Sol phase and sol–gel transition in SnO₂ colloidal suspensions

The effect of concentration on the structure of SnO₂ colloids in aqueous suspension, on their spatial correlation and on the gelation process was studied by small angle x-ray scattering (SAXS). The shape of the experimental SAXS curves varies with suspension concentration. For diluted suspensions ([SnO₂] ≤ 0.13 mol L⁻¹), SAXS results indicate the presence of colloidal fractal aggregates with an internal correlation length ξ ≃ 20 Å, without any noticeable spatial correlation between them. This suggests that the aggregates are spatially arranged without any significant interaction like in ideal gas structures.
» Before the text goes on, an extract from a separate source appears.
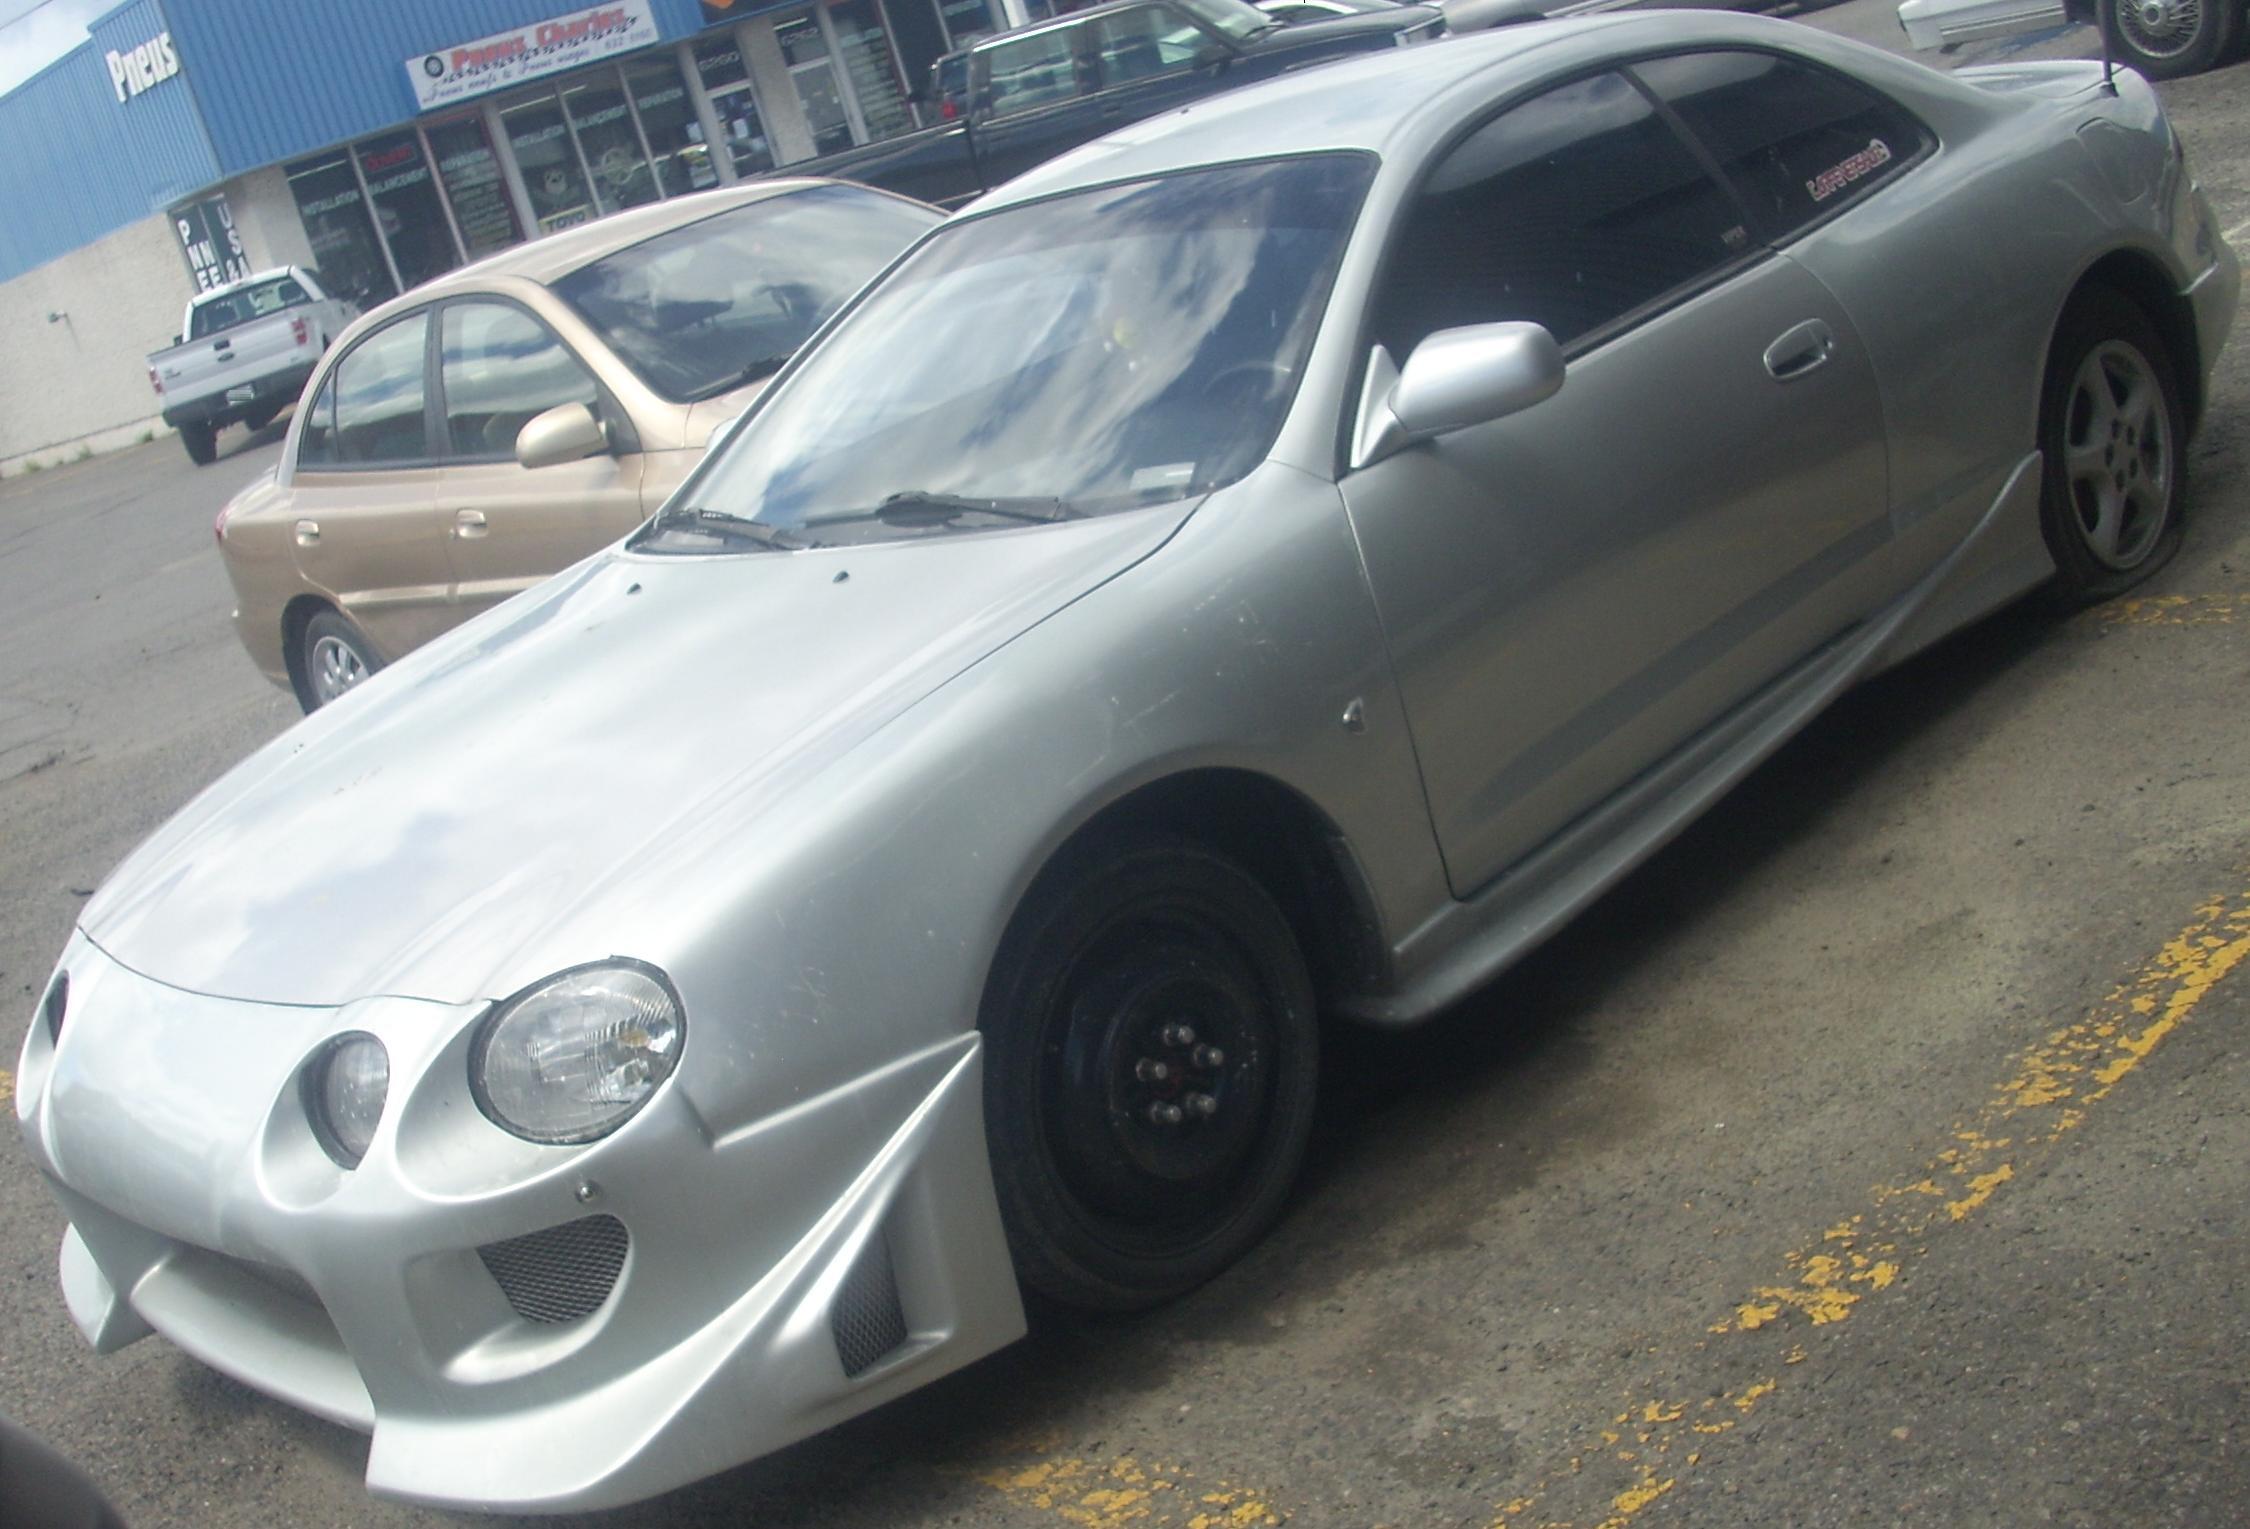 Toyota Celica 1.8 TS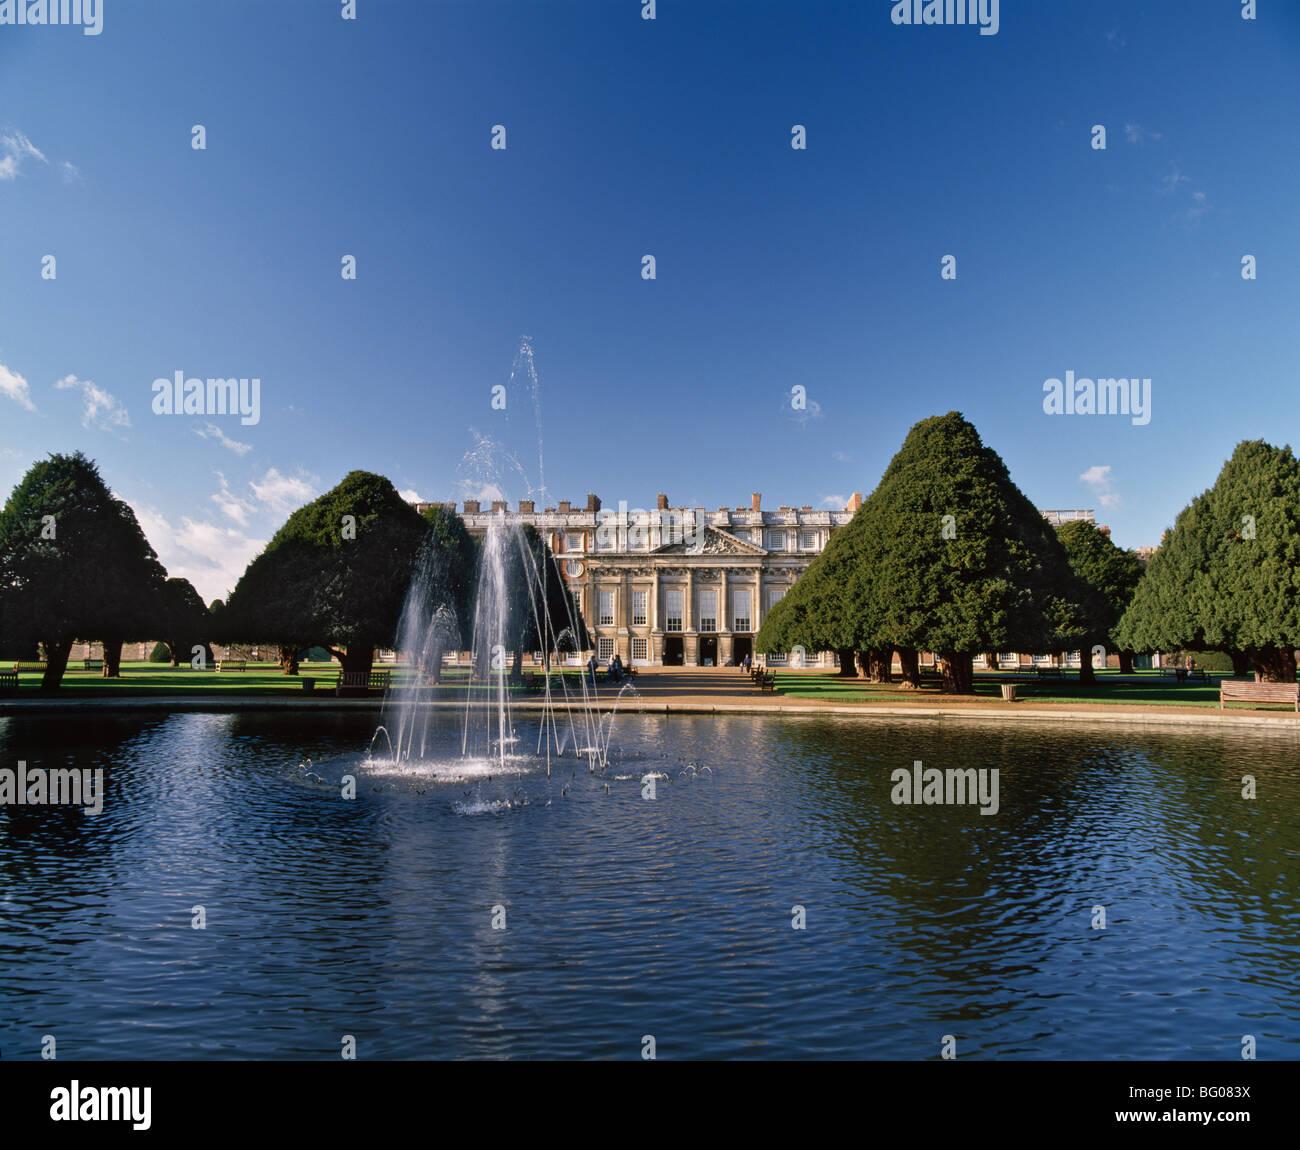 Lake, fountain and ornamental trees in Hampton Court Palace grounds, near London, England, United Kingdom, Europe Stock Photo

For higher concentrations ([SnO₂] = 0.16, 0.32, and 0.64 mol L⁻¹), the colloidal aggregates are larger (ξ = 24 Å) and exhibit a certain degree of spatial correlation between them. The pair correlation function corresponding to the sol with the highest concentration (0.92 mol L⁻¹) reveals a rather strong short range order between aggregates, characteristic of a fluid-like structure, with an average nearest-neighbor distance between aggregates d₁ = 125 Å and an average second-neighbor distance d₂ = 283 Å. The pair distribution function remains essentially invariant during the sol-gel transition, suggesting that gelation involves the formation of a few points of connection between the aggregates resulting in a gel network constituted by essentially linear chains of clusters.